_Assigned task_
In the entries below, begin at the line that has "montañas, horizonte, alturas, Céu, Pôr", stop after the line that has "Star Ball by", and output those lines exactly with no pictures.

_Information shown_
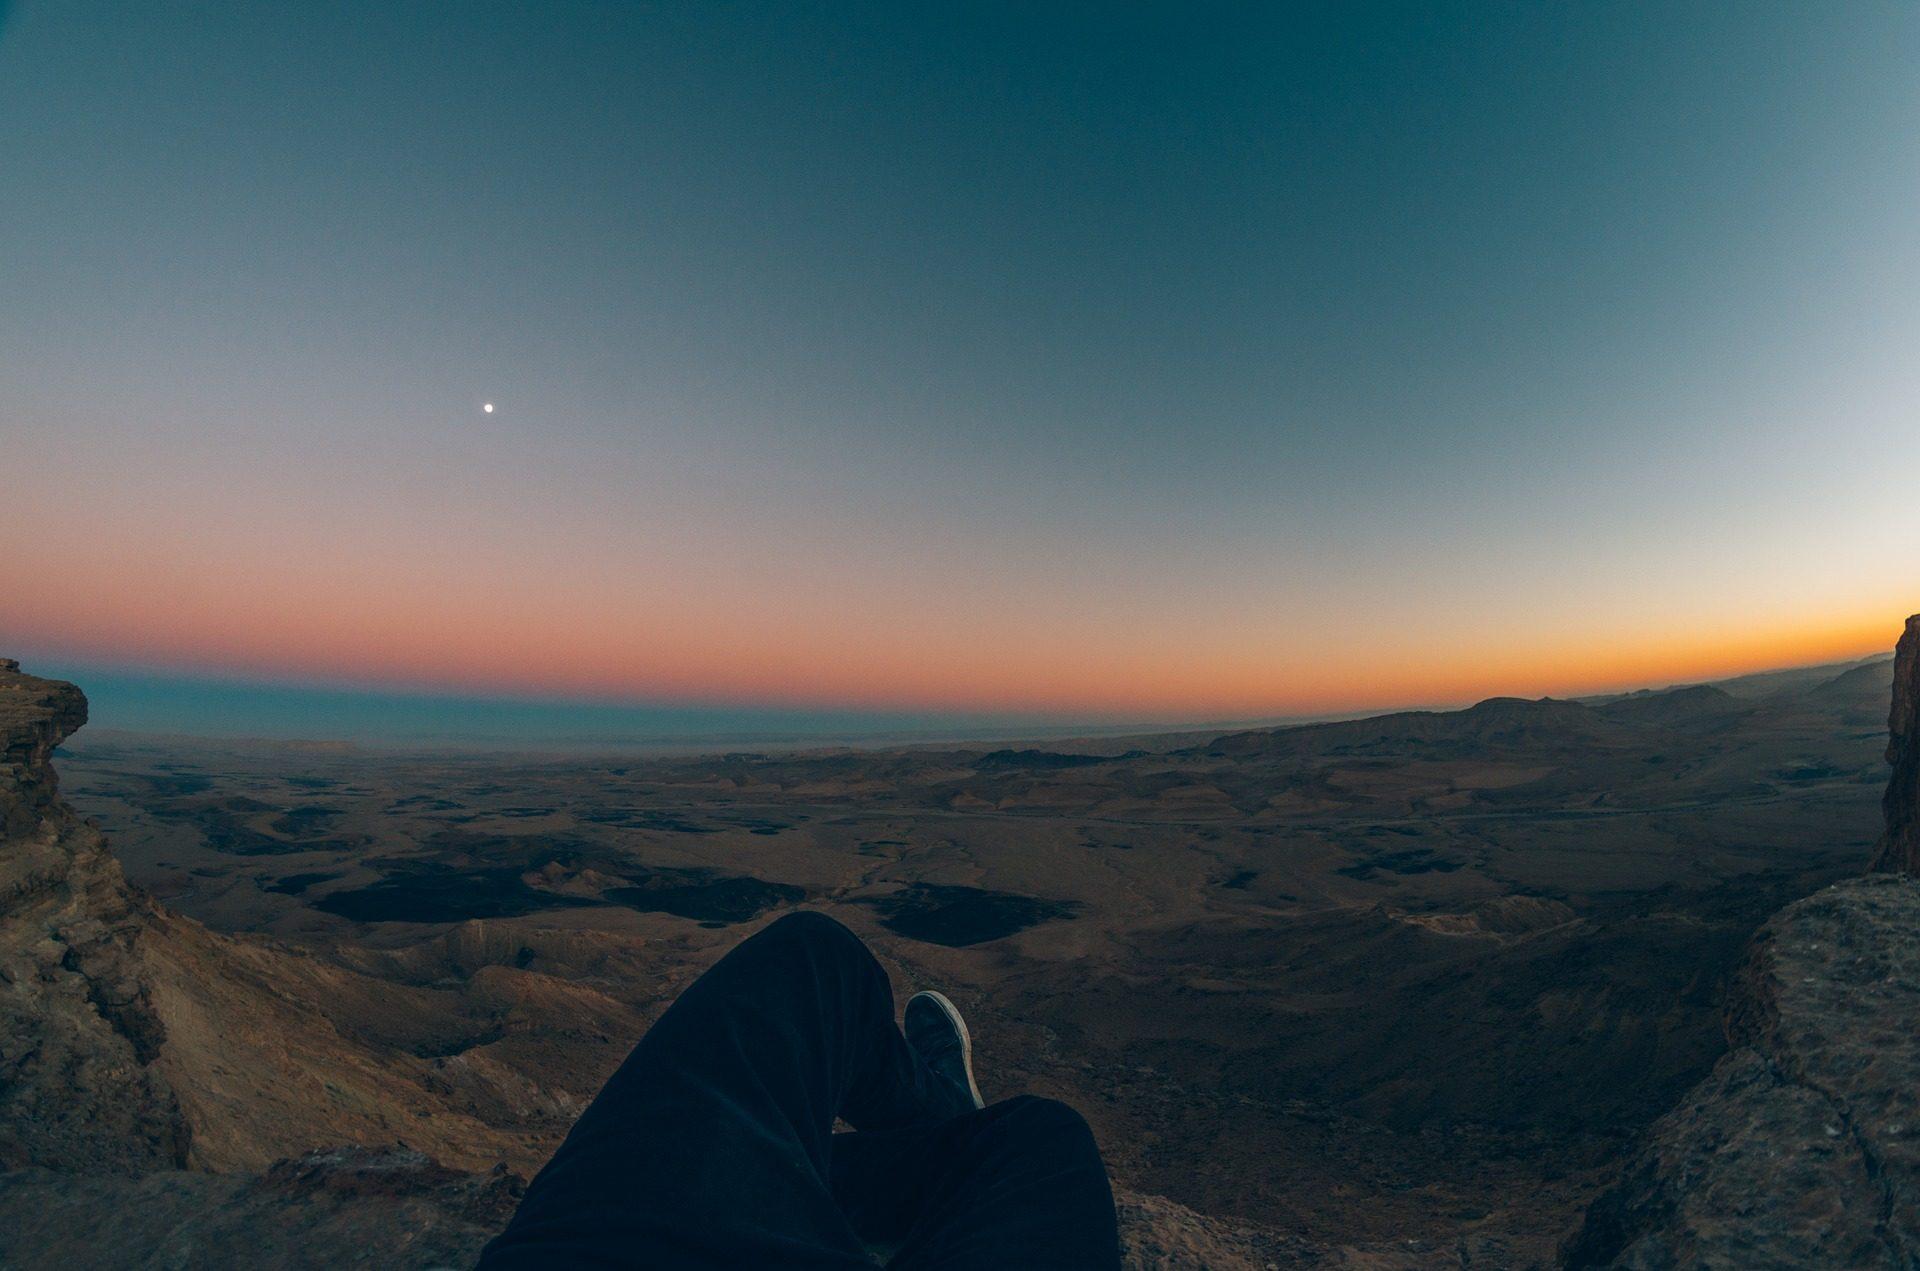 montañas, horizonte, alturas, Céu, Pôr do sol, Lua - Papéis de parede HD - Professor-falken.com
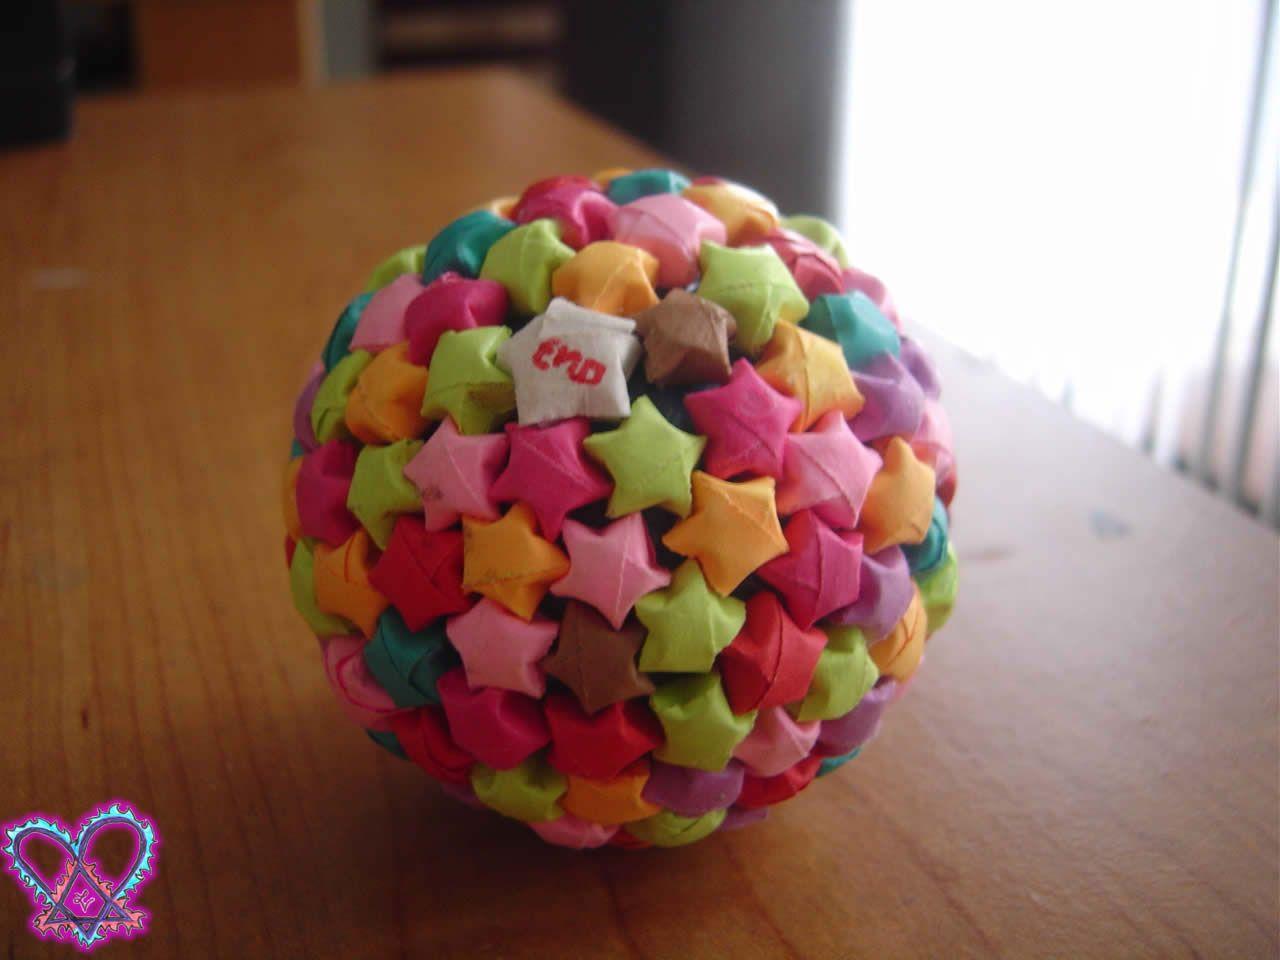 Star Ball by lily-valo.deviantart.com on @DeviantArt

* * *

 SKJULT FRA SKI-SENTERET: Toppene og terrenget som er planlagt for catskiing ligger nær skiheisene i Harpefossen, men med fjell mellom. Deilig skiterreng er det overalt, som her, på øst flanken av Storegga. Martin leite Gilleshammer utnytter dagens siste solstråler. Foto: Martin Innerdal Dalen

_Response_
 montañas, horizonte, alturas, Céu, Pôr do sol, Lua - Papéis de parede HD - Professor-falken.com
 Star Ball by lily-valo.deviantart.com on @DeviantArt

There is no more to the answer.